## Activity
Give back the exact lines of the material below from the one containing "évtıl kezdıdıen külön" through the one containing "running dog music", and no pictures.

## Provided material
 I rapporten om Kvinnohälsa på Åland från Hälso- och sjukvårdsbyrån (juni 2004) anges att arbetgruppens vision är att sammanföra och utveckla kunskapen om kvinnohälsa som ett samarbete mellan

--

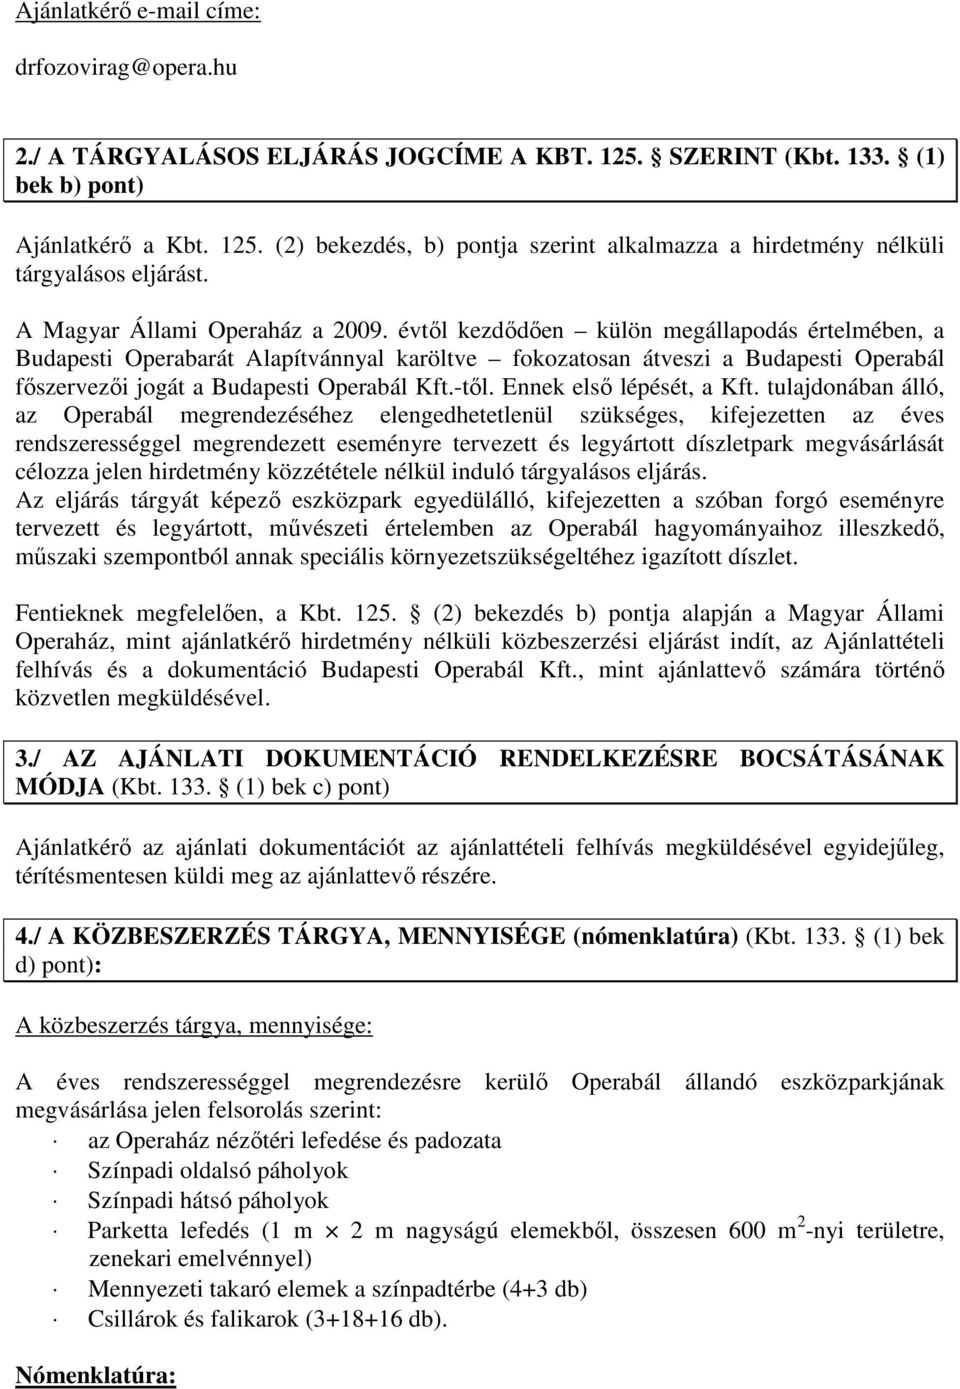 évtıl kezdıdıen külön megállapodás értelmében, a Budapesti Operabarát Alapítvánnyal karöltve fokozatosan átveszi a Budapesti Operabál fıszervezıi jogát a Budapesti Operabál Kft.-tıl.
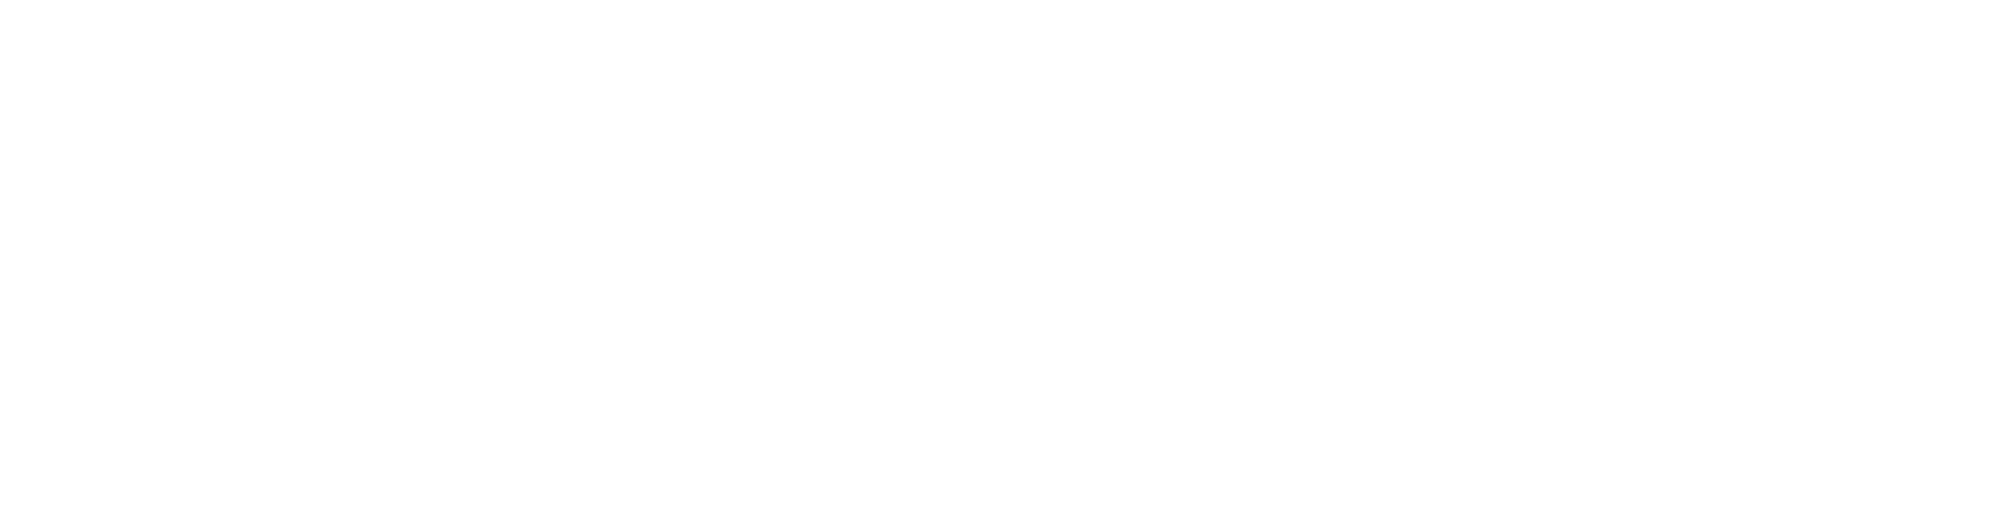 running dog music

## Answer box
 évtıl kezdıdıen külön megállapodás értelmében, a Budapesti Operabarát Alapítvánnyal karöltve fokozatosan átveszi a Budapesti Operabál fıszervezıi jogát a Budapesti Operabál Kft.-tıl.
 running dog music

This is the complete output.